However, ICDs do not come without risks. Traditional ICDs employ transvenous (TV) leads for rhythm discrimination and delivery of defibrillation shock therapy and thus are associated with potential complications, which can be categorized as complications related to the invasion of the vascular space. Potential complications include both those that occur at the time of implantation, such as pneumothorax and cardiac tamponade due to traumatic placement of the lead(s), and long-term complications like device infection—a real concern in cardiac sarcoidosis patients on chronic immunosuppressive therapy. Infection of the device may progress into sepsis and/or infective endocarditis with potentially fatal consequences.14,15 Transvenous ICD (TV-ICD) lead longevity is also a significant issue, with the annual rate of TV-ICD lead defects requiring intervention increasing with time and reaching 20% in 10-year-old leads.14 The estimated TV-ICD lead survival rates at 5 and 8 years are just 85% and 60%, respectively.14 Additionally, ICD leads that remain in the vasculature for many years may, ultimately, compromise flow or cause obstruction. The complications of TV-ICDs in cardiac sarcoidosis patients appear to be even more common than in the general ICD population. In some studies, up to 24% of cardiac sarcoidosis patients who have had TV-ICDs implanted have been reported to receive inappropriate therapies, while 15% may have complications such as infections and lead fracture or dislodgement.16,17

The subcutaneous ICD (S-ICD) was designed to avoid complications of the TV-ICD by using an extra-thoracic approach. It involves an electrically active can and a single subcutaneous lead containing two sensing electrodes. The components of this device do not enter the heart or vascular system and are not exposed to the hostile environment of the vessels or the repetitive contractions of the ventricle. Although the S-ICD leads are more exposed to the musculoskeletal movements than the TV leads, they are larger and therefore more robust than the TV leads. S-ICD therapy therefore avoids many of the complications that have been linked to TV-ICDs. However, despite S-ICDs being a well-established therapy option backed up by the guidelines for patients requiring defibrillation protection,12 their full potential is still not fully explored. In fact, we have not found any published literature on the use of S-ICDs in cardiac sarcoidosis.

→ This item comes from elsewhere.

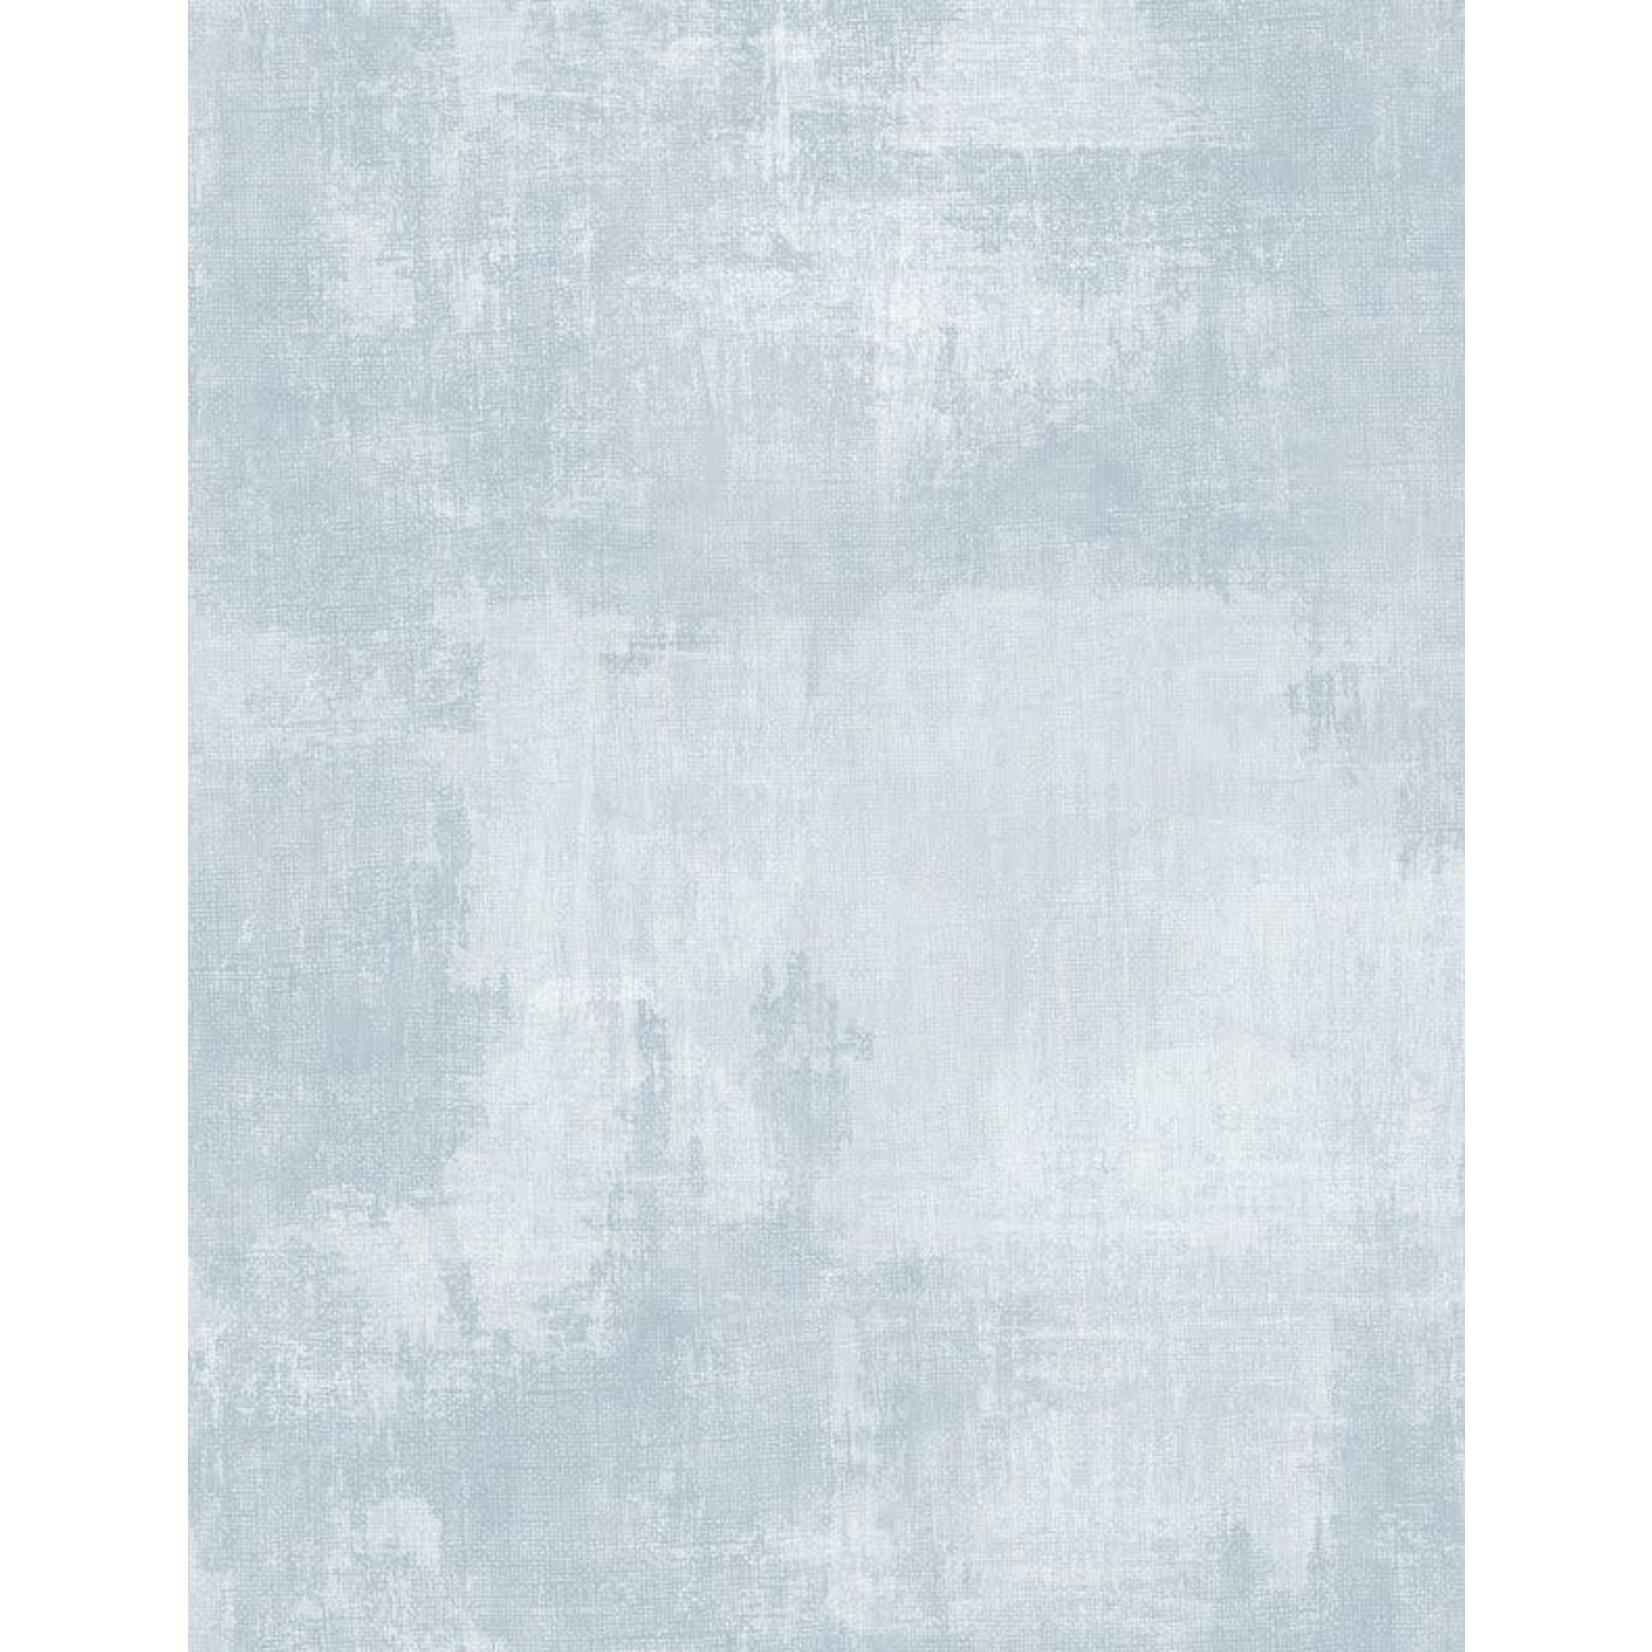 Wilmington Prints PER CM OR $20/M ESSENTIALS DRY BRUSH 411 LIGHT BLUE
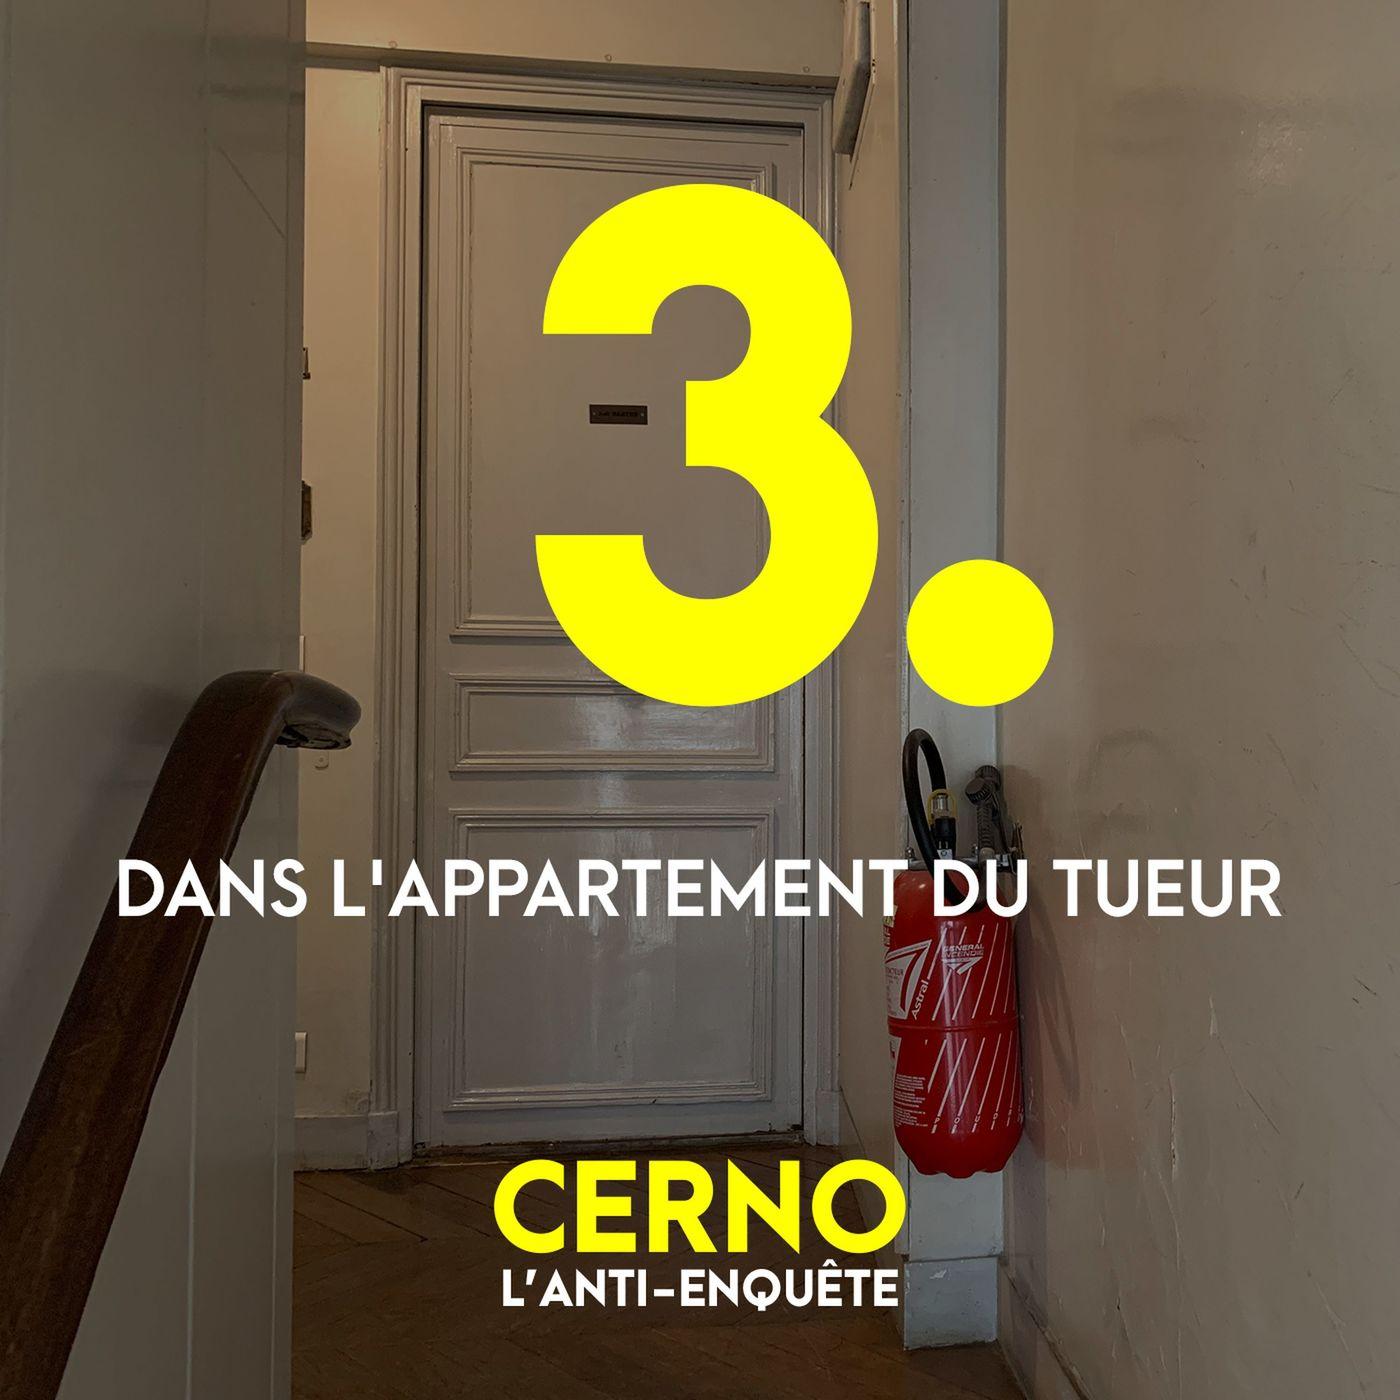 Episode 3 : Dans l'appartement du tueur

Subcutaneous implantable cardiac defibrillators in cardiac sarcoidosis

S-ICDs can represent a modern solution that can theoretically tip the balance and allow us to expand the indications of defibrillation protection in cardiac sarcoidosis patients without increasing ICD-related complications. The ultimate goal is to lower the rates of morbidity and mortality in this population.

Being an extravascular device, S-ICDs are associated with lower rates of lead-related complications, both in the acute and the long term.18 This is particularly relevant in patients requiring decades of defibrillation therapy, such as the relatively younger population of cardiac sarcoidosis patients. S-ICDs also carry no risk of infective endocarditis, which is of paramount relevance in cardiac sarcoidosis patients who are at an elevated risk of infection owing to the use of (often multiple) immunosuppressive agents for the management of the underlying disease activity.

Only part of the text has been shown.